Chapitre 23: Retiens-moi !
La brune restait sans voix, ses yeux cherchaient désespérément à échapper à l'inquisition du regard émeraude. Emma renouvela sa question :
-« Gina, dis-moi, qu'as-tu à y perdre?».
Les yeux de la pharmacienne s'emplirent de larmes tandis qu'elle baissait la tête refusant de répondre.
Emma la lâcha et tourna les talons en pestant, exaspérée par ce silence qui trahissait la soumission morale de la brune envers son horrible génitrice. Elle bouscula une chaise, lança un regard désespéré à Gus et finit par se diriger vers la porte de sortie.
Son avocat l'interpela.
-« Emma, Attendez… où allez-vous ? L'audience reprend dans moins d'un quart d'heure. »
- « Je sors ! J'ai besoin de prendre l'air! Je serai juste devant. »
- « Laissez-moi vous accompagner… »
Et il lui emboitât le pas sans attendre sa réponse.
Arrivée dans le sas qui séparait la salle du couloir, Emma se retourna vers lui, furieuse :
- « Bon sang vous ne pouvez pas me lâcher deux secondes? J'ai besoin d'être seule, besoin de réfléchir… Vous pouvez comprendre ça non ? Tout ce en quoi je commençais à croire semble soudain si fragile… Cette…, cette Cora Mills, … comment peut-elle faire subir ça à sa propre fille? Si je ne me retenais pas, j'irai lui mettre mon poing dans la figure…»

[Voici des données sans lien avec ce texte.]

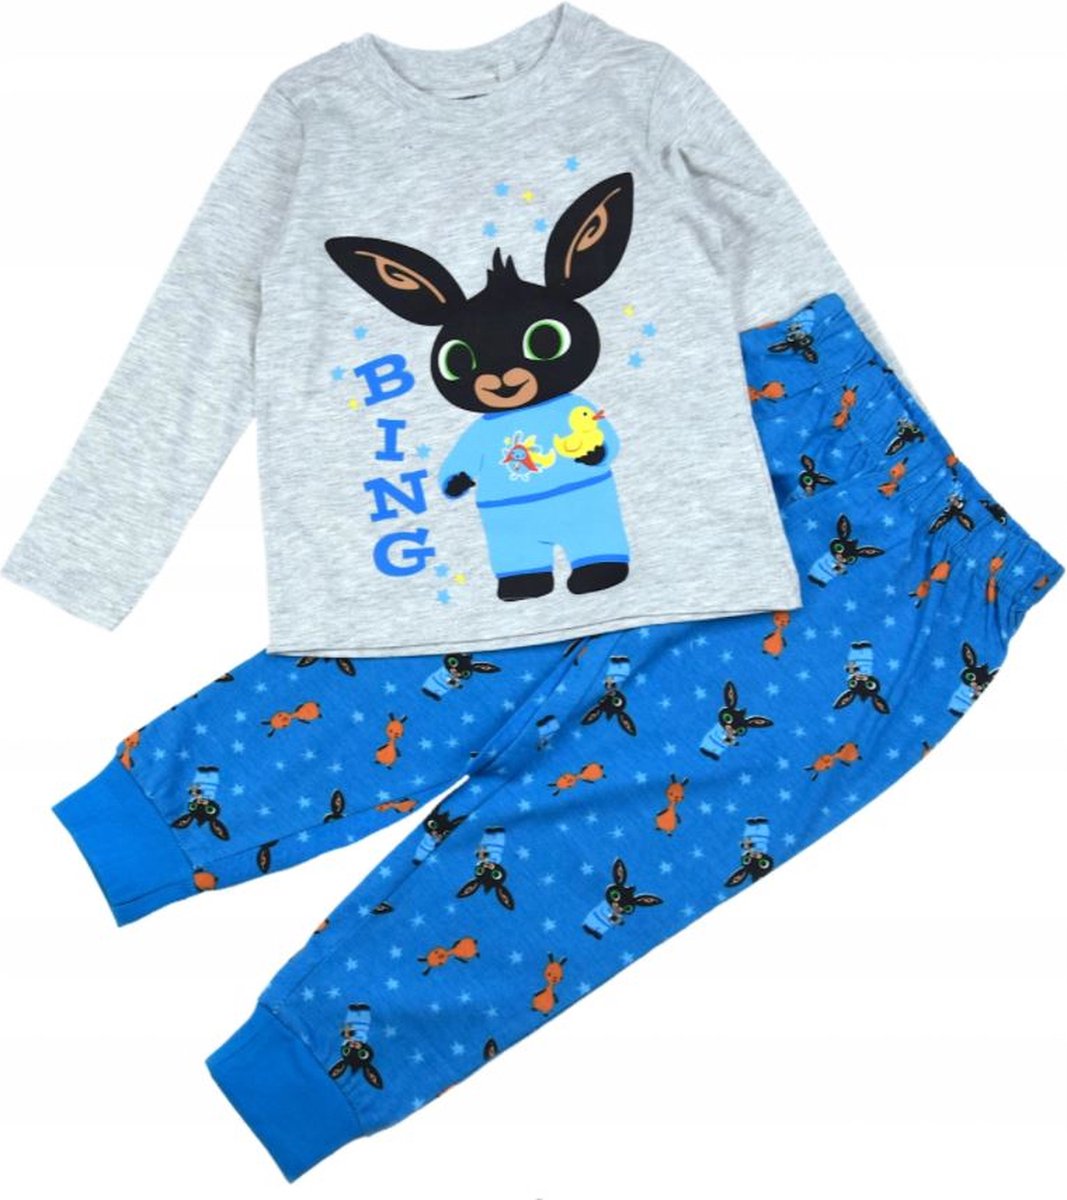 Bing Bunny pyjama - maat 116 - Bing pyjamaset - grijs met blauw

L'avocat la regardait comme subitement pétrifié. Puis, au bout d'un court instant, un large sourire s'afficha sur son visage. Il s'approcha de la blonde et lui posa la main sur l'épaule.
- « Mais oui… C'est ça ! … Vous avez raison! C'est ça qu'elle attend cette tordue… Emma vous êtes un génie ! »

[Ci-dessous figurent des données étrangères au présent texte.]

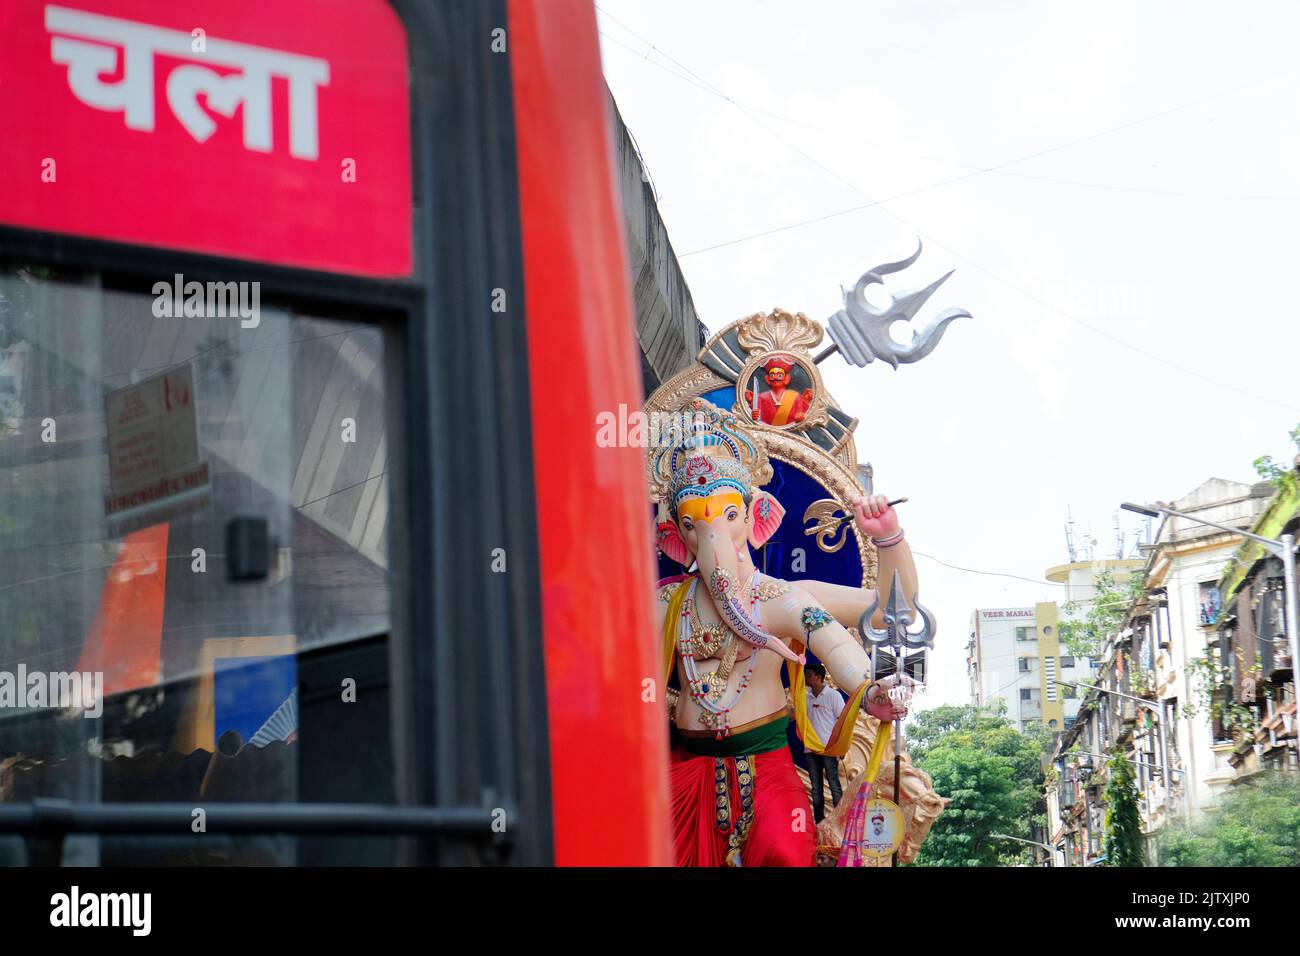 L'image du Ganpati Idol et LE MEILLEUR bus a été prise à Mumbai, Inde Banque D'Images

L'inspectrice regardait son petit avocat rondouillard qui sautillait sur place, comme un gamin qui vient de trouver la solution d'une devinette.
- « Quoi ? Qu'est-ce qu'elle attend ? Que je lui en mette une ? »
- « Emma, écoutez-moi. Cora a du se renseigner sur vous. Elle vous sait donc obstinée, impétueuse et entière. En fait, je pense qu'elle cherche à vous faire perdre les pédales pour vous discréditer à la fois devant le jury mais également aux yeux de sa fille. C'est évident ! Vous avez raison… Et comme vous, je suis persuadé qu'elle n'ira pas jusqu'à témoigner… »
- « Mais vous l'avez vue, vous avez vu comment Régina la croit capable du pire ? Comment a-t-elle pu la terroriser comme ça ? »
- « Cette femme est machiavélique, Emma. Régina a du s'en éloigner physiquement pour avoir la force de résister à son emprise morale. Mais là, avec sa mère de nouveau dans les parages, elle faiblit… Vous devez l'aider à lui résister, lui montrer votre soutien. Surtout pas la brusquer. »
Il appuya cette dernière phrase d'une légère pression de sa main sur l'épaule de la policière, comme pour la sortir de sa torpeur. Celle-ci se tourna vers lui, le visage apaisé.
- « Depuis quand faîtes vous dans le conseil conjugal Maitre Dwarf ? »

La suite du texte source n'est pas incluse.